Why Use This This skill provides specialized capabilities for jeremylongshore's codebase.
Use Cases Developing new features in the jeremylongshore repository Refactoring existing code to follow jeremylongshore standards Understanding and working with jeremylongshore's codebase structure
Install Guide 2 steps 1 2 Install inside Ananke
Click Install Skill, paste the link below, then press Install.
https://github.com/jeremylongshore/claude-code-plugins-plus-skills/tree/main/plugins/saas-packs/exa-pack/skills/exa-performance-tuning Skill Snapshot Auto scan of skill assets. Informational only.
Valid SKILL.md Checks against SKILL.md specification
Source & Community
Updated At Mar 11, 2026, 05:33 AM
Skill Stats
SKILL.md 133 Lines
Total Files 1
Total Size 4.8 KB
License MIT
---
name: exa-performance-tuning
description: |
Optimize Exa API performance with caching, batching, and connection pooling.

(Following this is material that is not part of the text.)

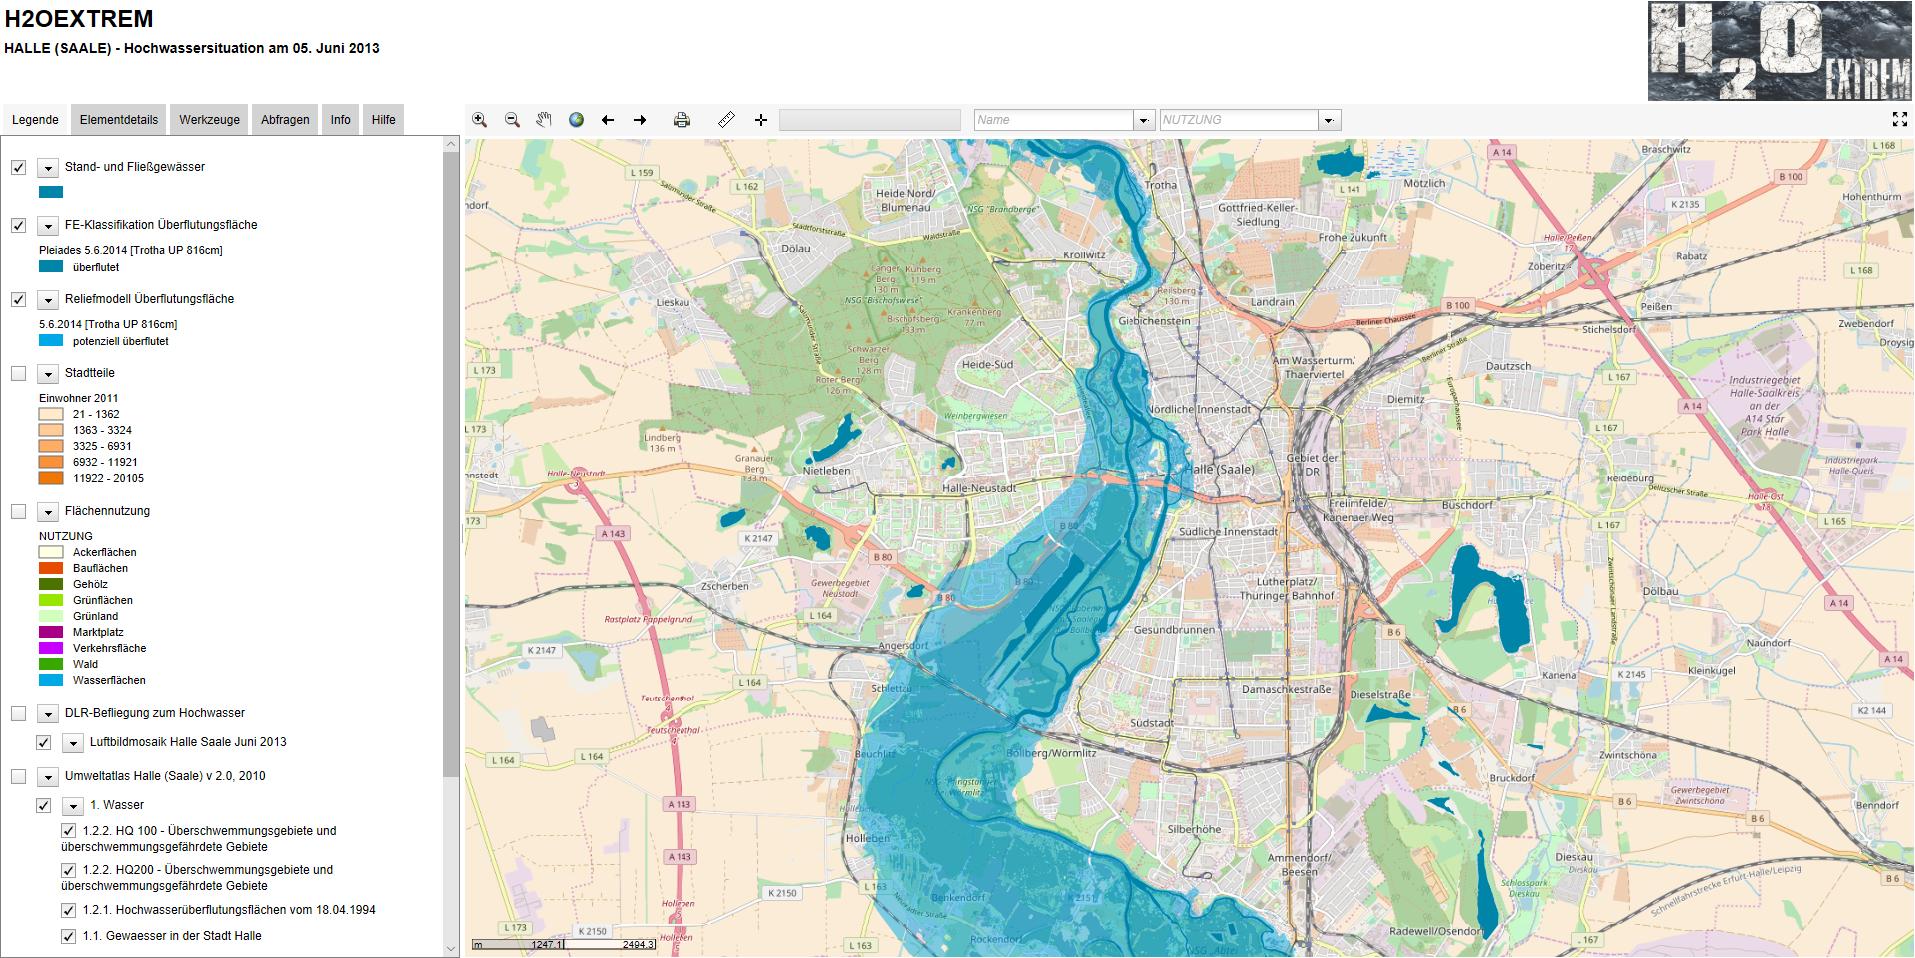 Halle Saale Karte.Jahrhunderthochwasser Halle Saale 2013 Klimaanpassung

Use when experiencing slow API responses, implementing caching strategies,
or optimizing request throughput for Exa integrations.
Trigger with phrases like "exa performance", "optimize exa",
"exa latency", "exa caching", "exa slow", "exa batch".
allowed-tools: Read, Write, Edit
version: 1.0.0
license: MIT
author: Jeremy Longshore <jeremy@intentsolutions.io>
compatible-with: claude-code, codex, openclaw
---
# Exa Performance Tuning
## Overview
Optimize Exa AI search API response times and throughput for production RAG pipelines and search integrations. Exa search latency varies by type: keyword search (200-500ms), neural search (500-2000ms), and auto mode (300-1500ms).
## Prerequisites
- Exa API integration (`exa-js` SDK or REST API)
- Cache infrastructure (Redis or in-memory LRU)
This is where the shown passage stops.